In 1964, we Americans were just getting a feel for what was soon to become a very long war in Vietnam. Most of the combat troops were Special Forces soldiers deployed deep into hostile territory as combat multipliers. Their mission was to train indigenous troops to fight the Viet Cong guerillas. It was messy, horrible work in incredibly dangerous spaces. A saving grace was the ready availability of American air support.
A dozen or so Green Berets tucked out in the Mekong Delta in 1964 could start to feel awfully lonesome. The VC were desperate to crush these interlopers before they could gain a solid foothold. The stage was set for an epic scrap.
An On-Call Dragon
It was late in the evening of 23 December 1964, and the American troops at the Special Forces outpost at Tranh Yend were not feeling terribly festive. What had begun as an apparent harassment and probing attack was rapidly evolving into something altogether worse. With Charlie pressing into the wire and the entire camp in serious danger of being overrun, the detachment commander made a desperate call for help.

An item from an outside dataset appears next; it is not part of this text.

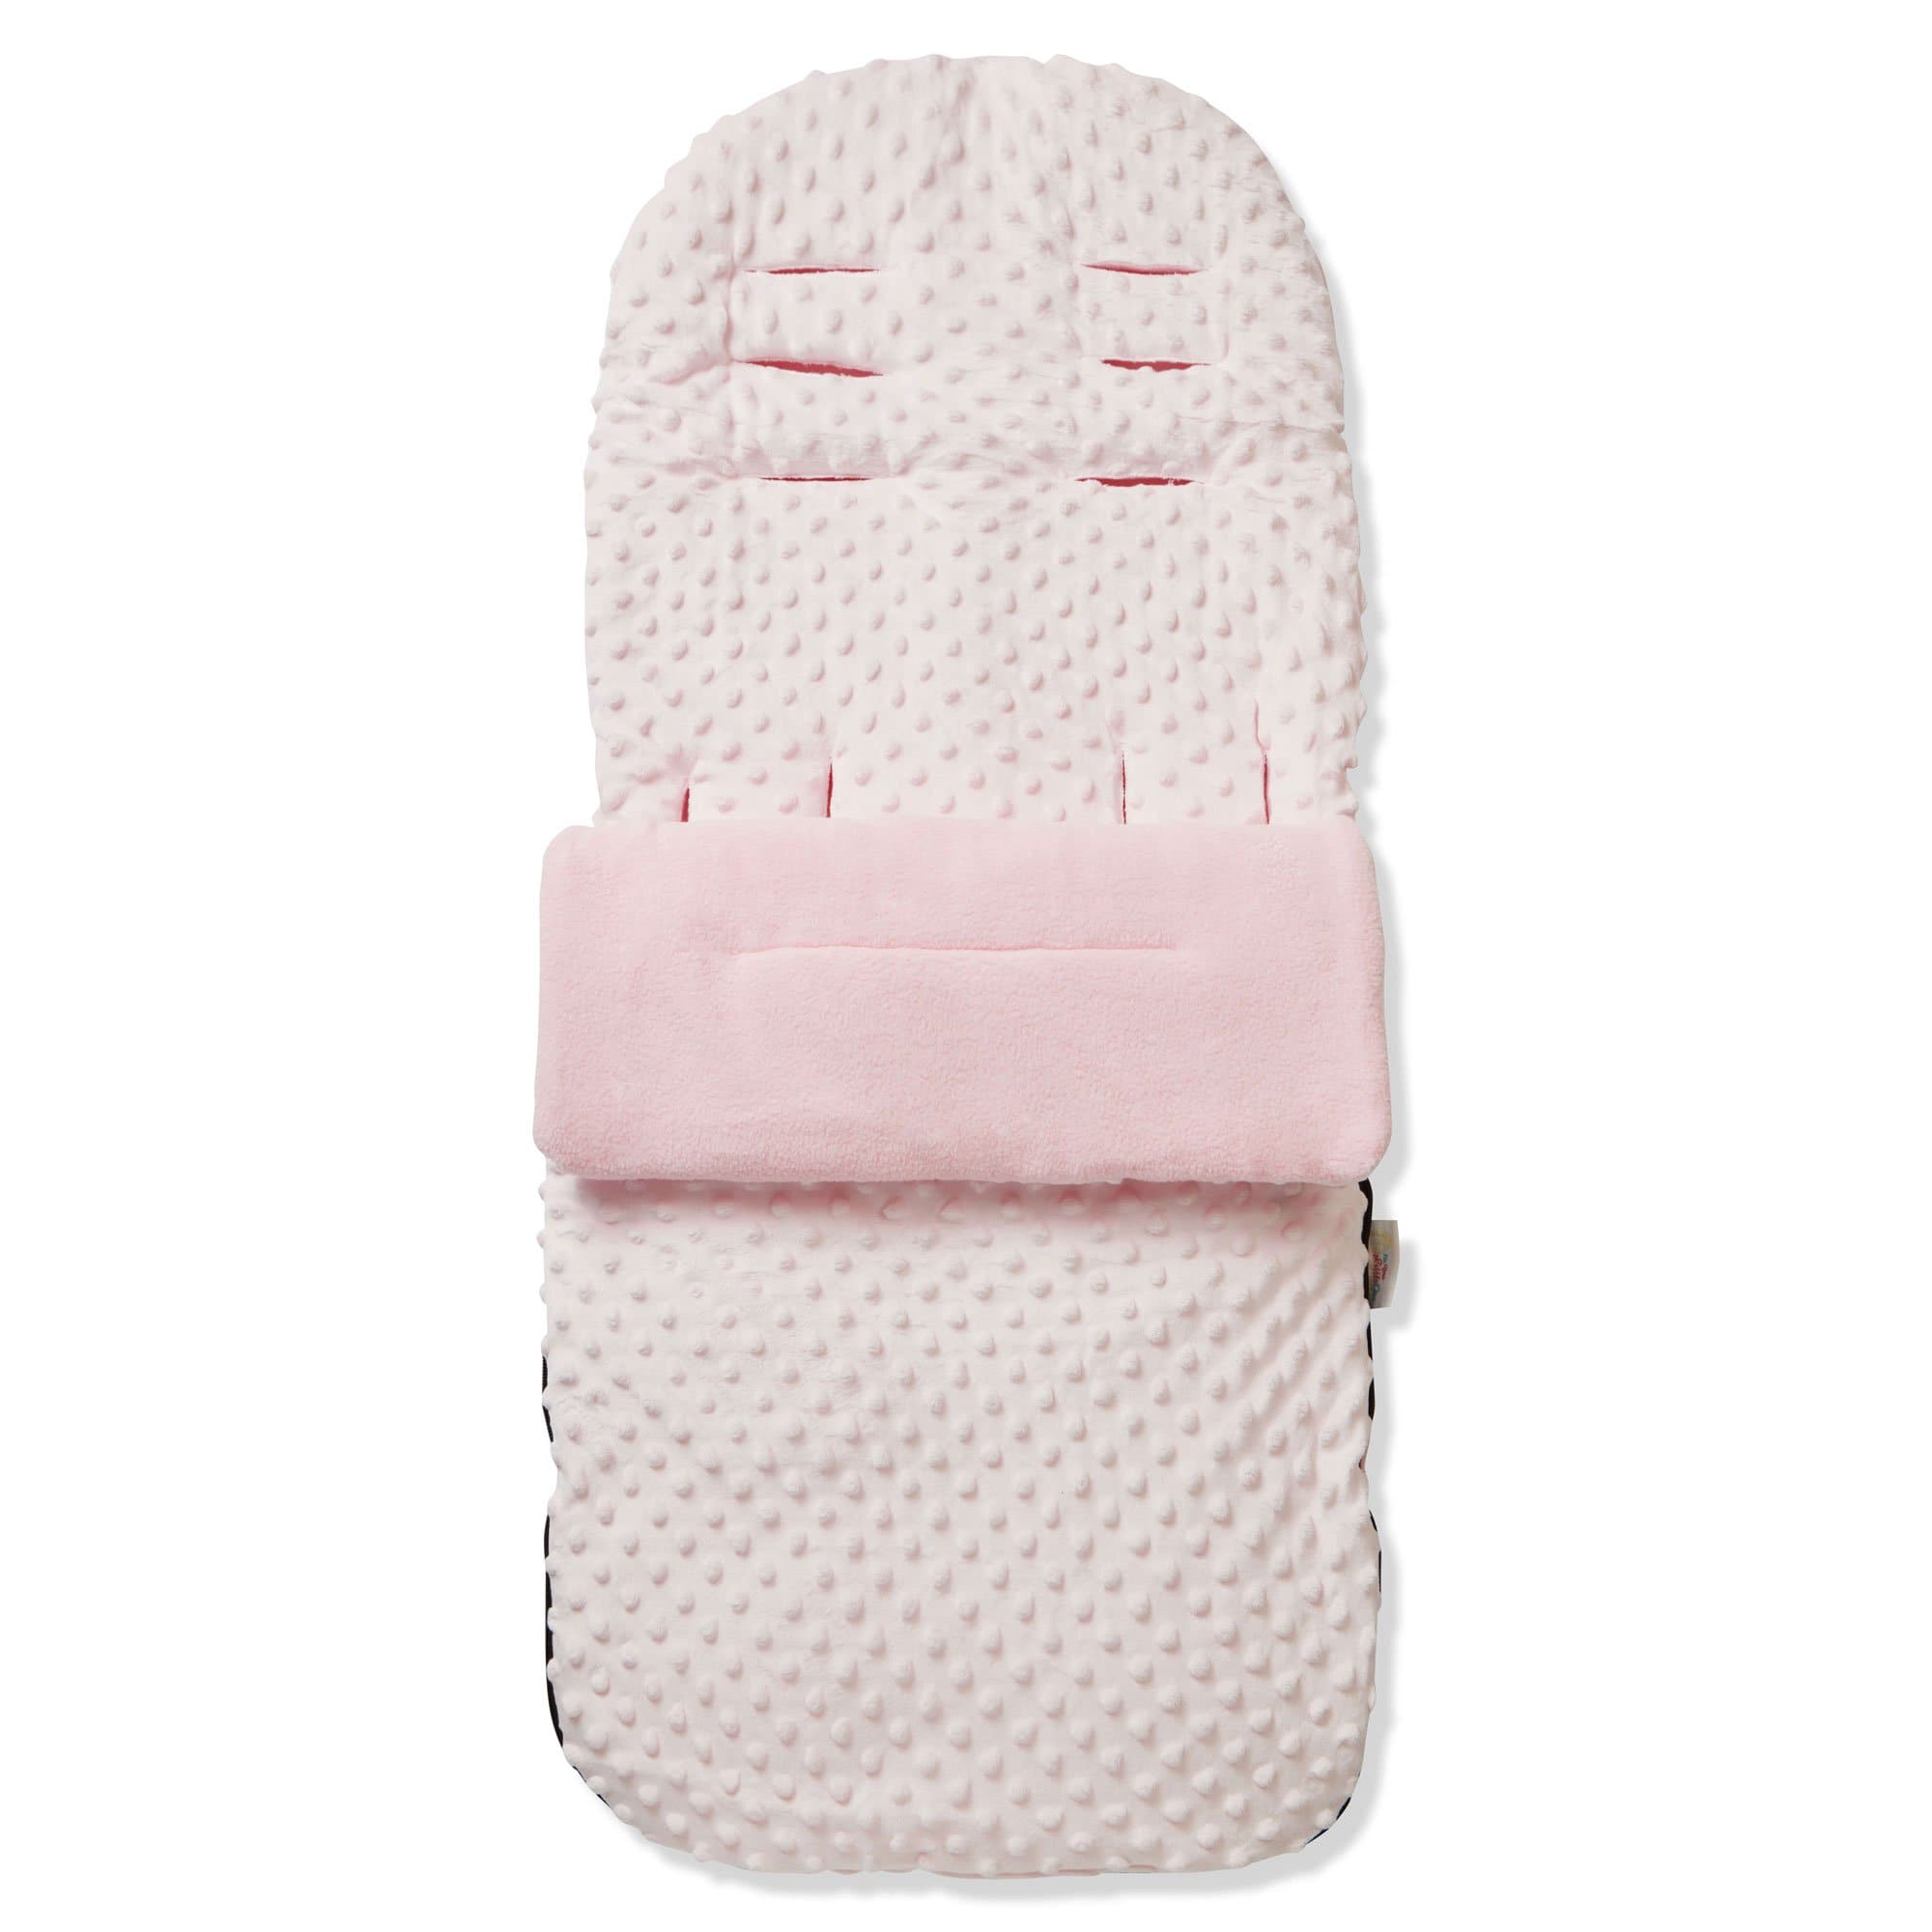 Dimple Footmuff / Cosy Toes Compatible with XTS - Pink / Fits All Models | For Your Little One
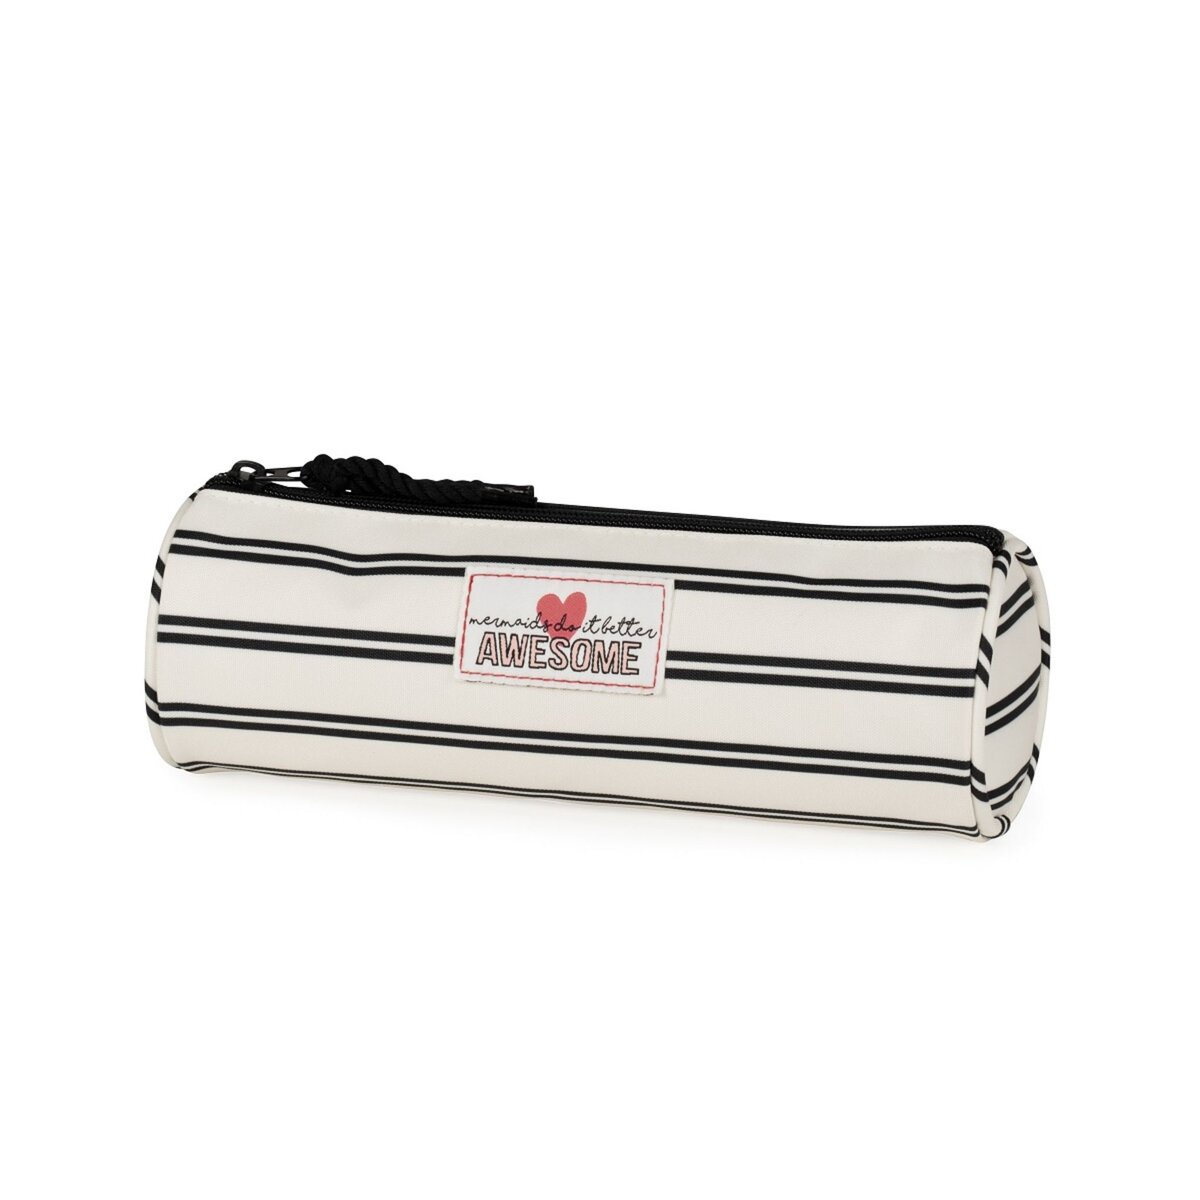 Trousse ronde fille AWESOME - Blanc rayures noires

These were the days before widespread use of night vision devices, so the only way to really see anything after dark was flares. In a world where fast-moving attack jets could bring immense volumes of pain, these support assets simply couldn’t hit what they couldn’t see. Charlie owned the night, and he knew it. Things were looking bleak.
A mere 37 minutes after the emergency call went out, the beleaguered SF guys could hear the throaty rumble of a pair of ancient Pratt and Whitney Twin Wasp WWII-vintage radial engines. The American defenders, like the VC they were facing, were more accustomed to jets. All involved were put a bit off balance by this new development.
Crouching in the jungle, the ample VC attack force was poised for its final push. If they could get the Americans to burn through the last of their Claymores and then breach the wire, the camp would be theirs. By dawn, the VC commander expected to see his communist flag raised over the American command bunker. And then everything changed.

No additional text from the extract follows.